El último motivo de casación (denominado sexto en el recurso pero siendo en realidad el quinto) denuncia la vulneración de los artículos 32 y 34.2 de la Ley 9/1987, de 12 de junio, de órganos de representación, determinación de condiciones de trabajo y participación del personal al servicio de las Administraciones Públicas; y al igual que los anteriores reproduce uno de los motivos de impugnación de la demanda [en este caso el D) que fue reseñado en el punto 10 del FJ primero de esta sentencia].

Debe igualmente fracasar por algunas de las razones que ya fueron expuestas en relación con alguno de los anteriores motivos: que la impugnada Resolución de 20 de marzo de 2003 tiene un alcance meramente organizativo (representado por la inserción de las Unidades y Dependencias de la Inspección de los Tributos en el ámbito territorial de las Dependencias Regionales de la Inspección), pero sin que ello signifique una alteración de sus actuales emplazamientos físicos, ni tampoco un cambio de los puestos de trabajo desempeñados por los funcionarios.

Por tanto, no puede aceptarse la repercusión en las condiciones de trabajo que se viene a invocar para intentar justificar la infracción de esos artículos 32 y 34 de la Ley 9/1987 .

A lo anterior debe añadirse que tanto la demanda como el recurso de casación se mueven en términos meramente genéricos, pues, aunque aluden a repercusiones en las condiciones de trabajo, lo hacen en términos abstractos y no las concretan con la precisión necesaria para que puedan ser constatadas.

Por otra parte, la disposición transitoria 2 de la impugnada Resolución que el recurso de casación invoca en favor de su tesis no es útil a dicha finalidad: en ella se dice que las unidades de Inspección definidas en la letra A del apartado Cinco 4.2.3 desarrollarán sus actuaciones con obligados tributarios con domicilio fiscal de la oficina de su sede, y que lo harán hasta que se publique una modificación de la Relación de Puestos de Trabajo (RPT); esto es, parece mantener las condiciones profesionales existentes y posponer su modificación a lo que resulte de la nueva aprobación de la RPT.

SÉPTIMO

Procede, de conformidad con todo lo antes razonado, declarar no haber lugar al recurso de casación, y no se aprecian circunstancias que justifiquen la no imposición de las costas correspondientes a esta fase de casación (artículo 139.2 de la LJCA de 1998 ).

Pero, haciendo uso de la facultad reconocida en el apartado 3 de ese artículo 139 de la LJCA de 1998, se señala como cifra máxima a que asciende la imposición de costas por honorarios correspondientes al abogado de la parte recurrida la de 2.400 euros.

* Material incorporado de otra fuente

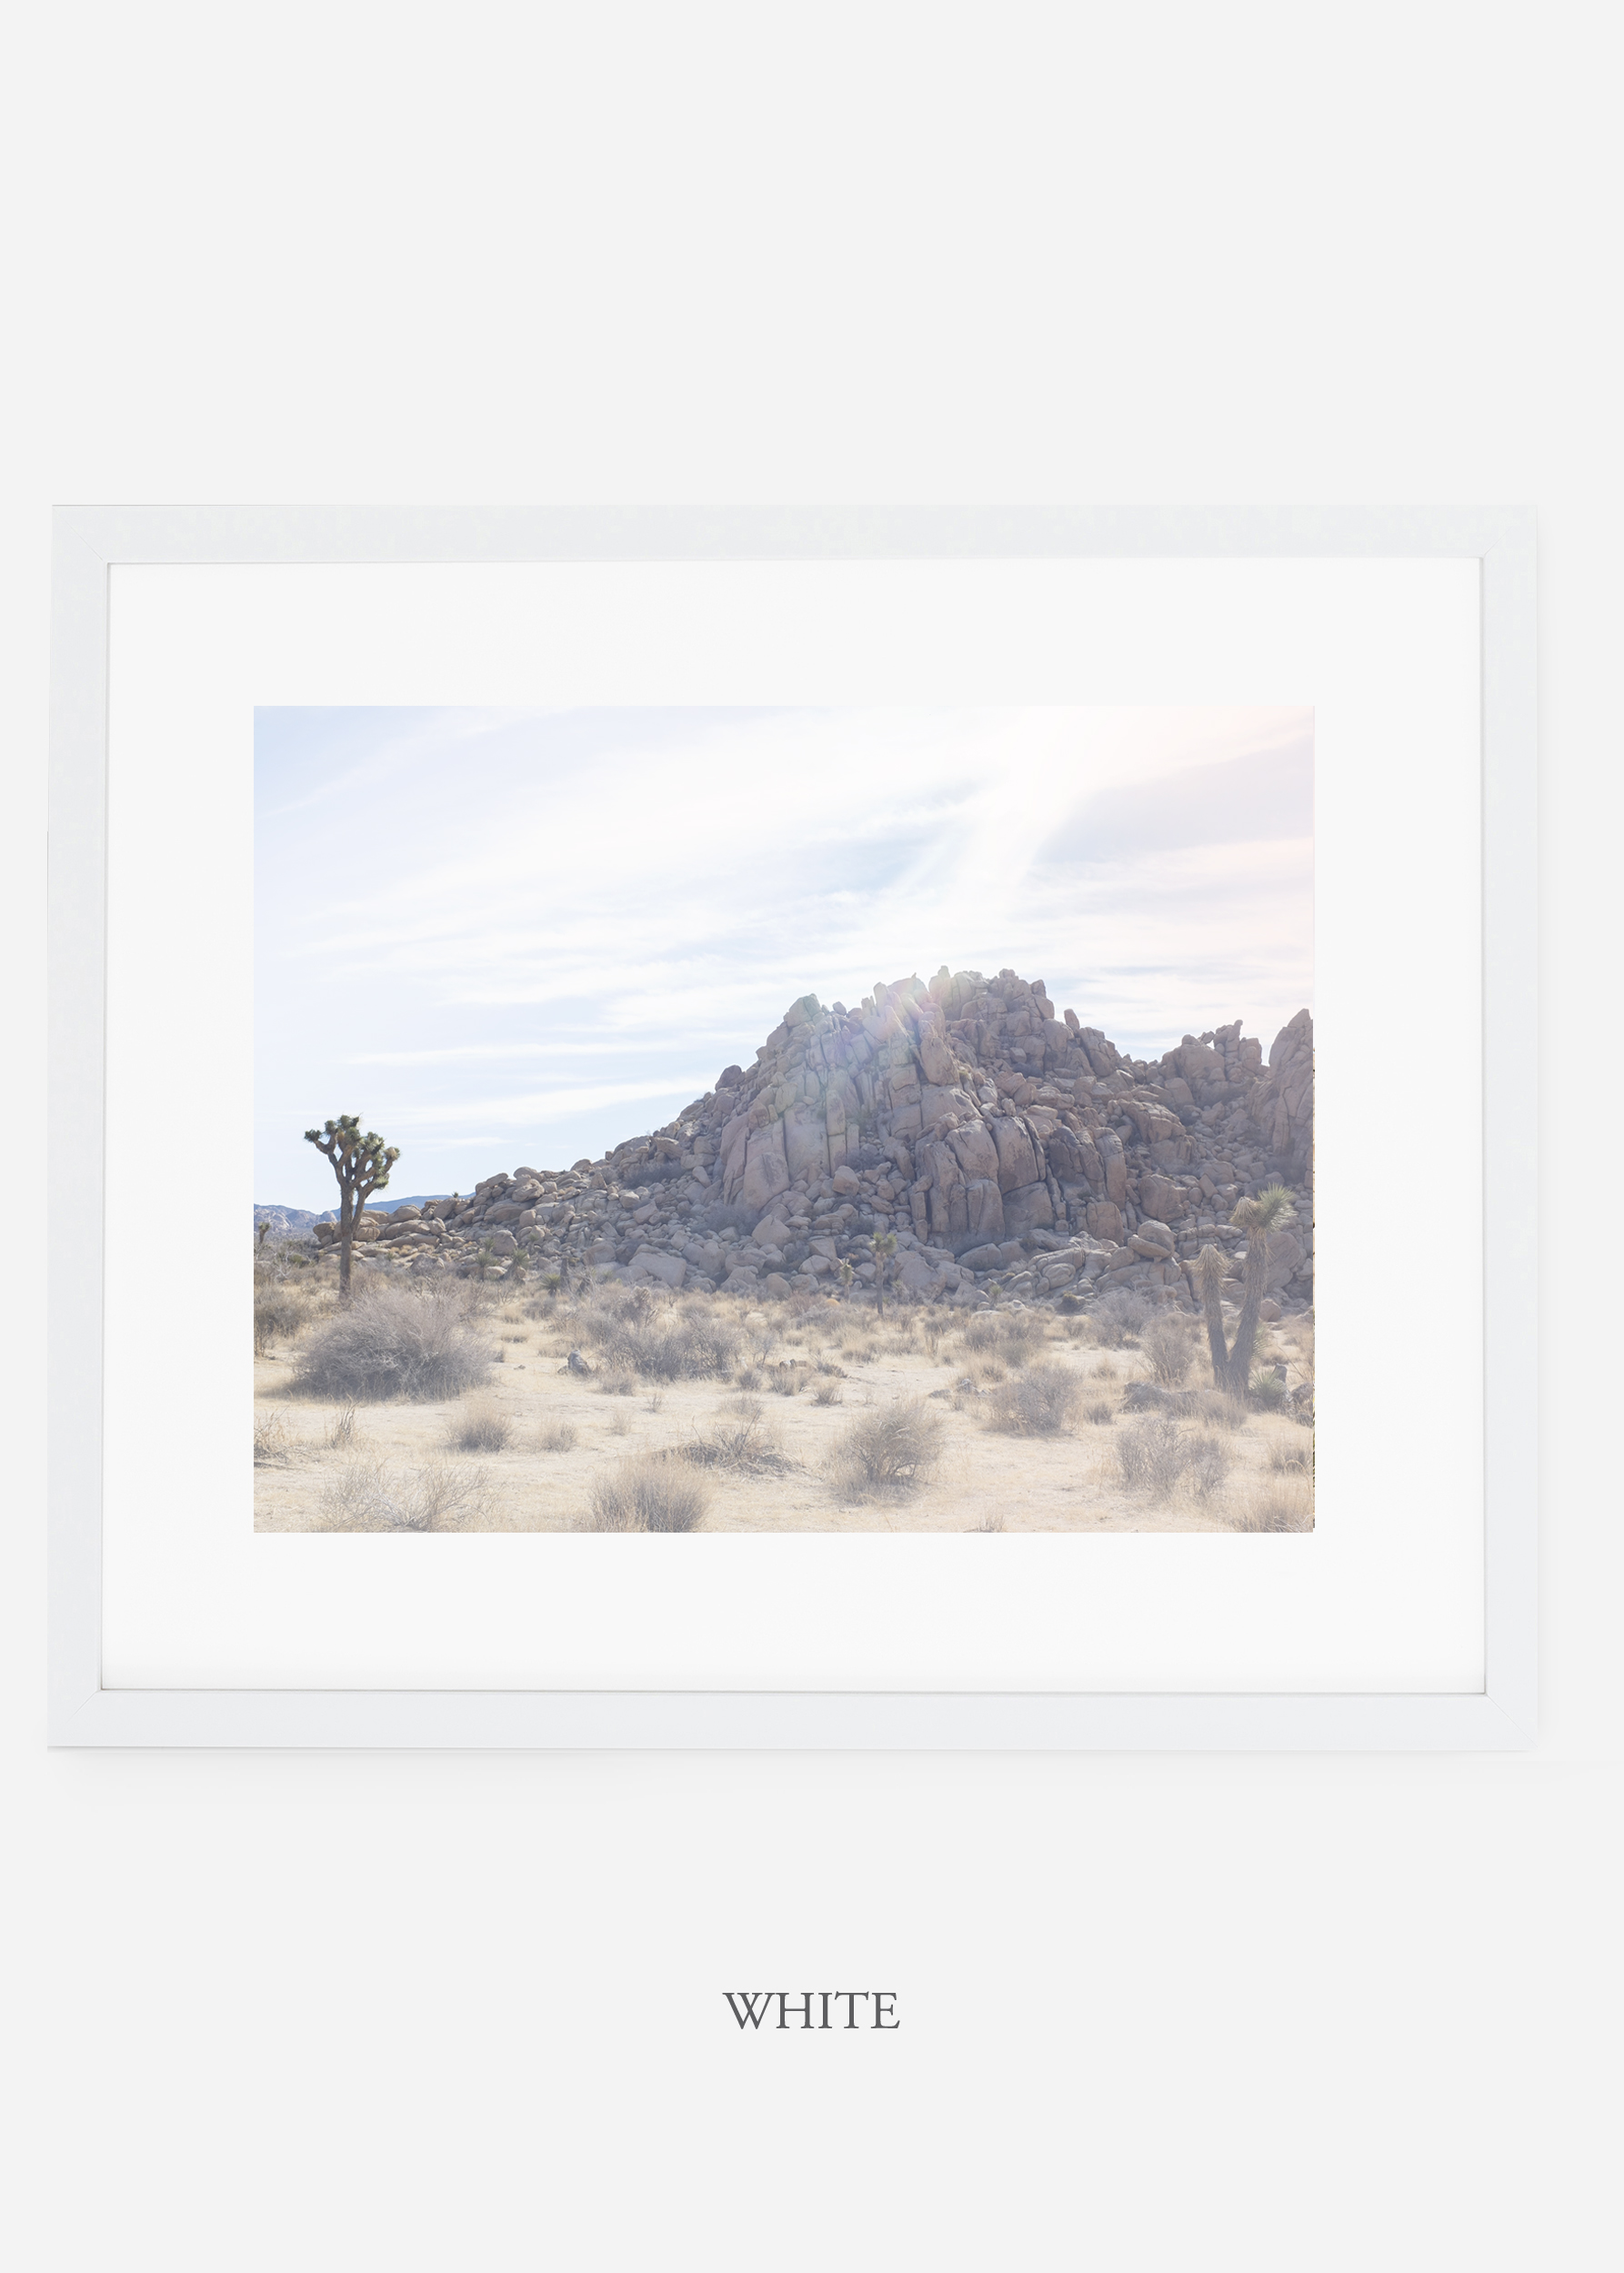 WilderCalifornia_whiteframe_JoshuaTree_No.20_interiordesign_prints_art.jpg
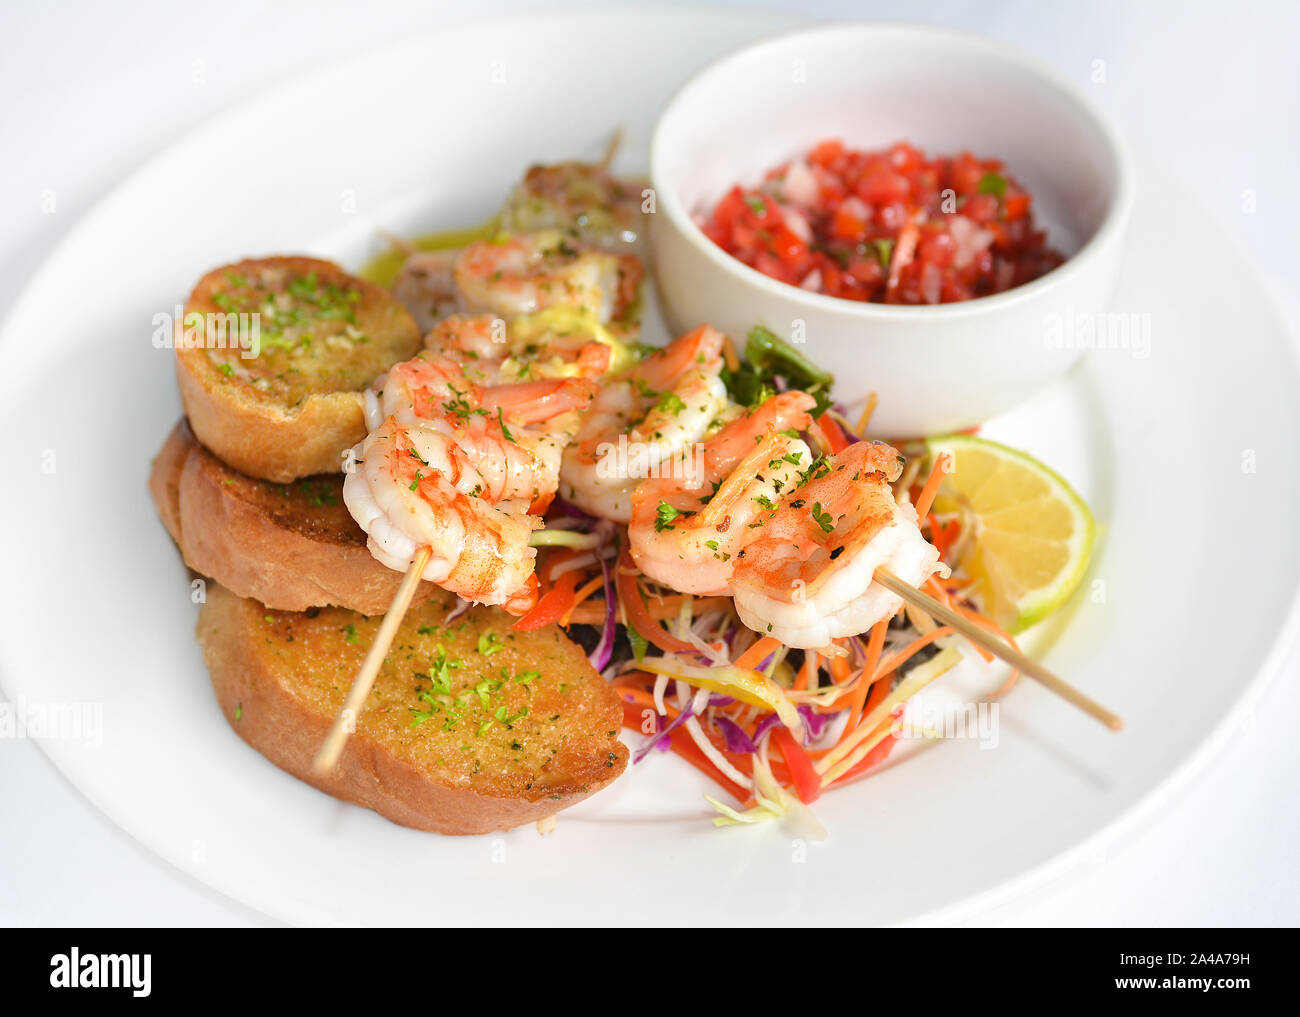 Continental Cuisine Restaurant Menu Food Photography Menu Photos Stock Photo Alamy

Para la fijación de la expresada cantidad se tienen en cuenta los criterios seguidos habitualmente por esta Sala en atención a las circunstancias del asunto y a que la cuestión planteada no ha exigido una especial dedicación para formular la oposición.

FALLAMOS

  1. - No haber lugar al recurso de casación interpuesto por UNIÓN NACIONAL DE FUNCIONARIOS DE GESTIÓN DE HACIENDA contra la sentencia de 18 de noviembre de 2005 de la Sección Sexta de la Sala de lo Contencioso-Administrativo de la Audiencia Nacional (en el recurso número 358/2003).

  2. - Imponer a la parte recurrente las costas correspondientes a esta fase de casación, con el alcance y límite que se establece en el último fundamento de derecho de esta sentencia.

Así por esta nuestra sentencia, lo pronunciamos, mandamos y firmamos PUBLICACIÓN.- Leída y publicada fue la anterior sentencia por el Excmo. Sr. Magistrado Ponente de la misma, estando celebrando audiencia pública la Sala Tercera del Tribunal, el mismo día de su fecha, lo que certifico.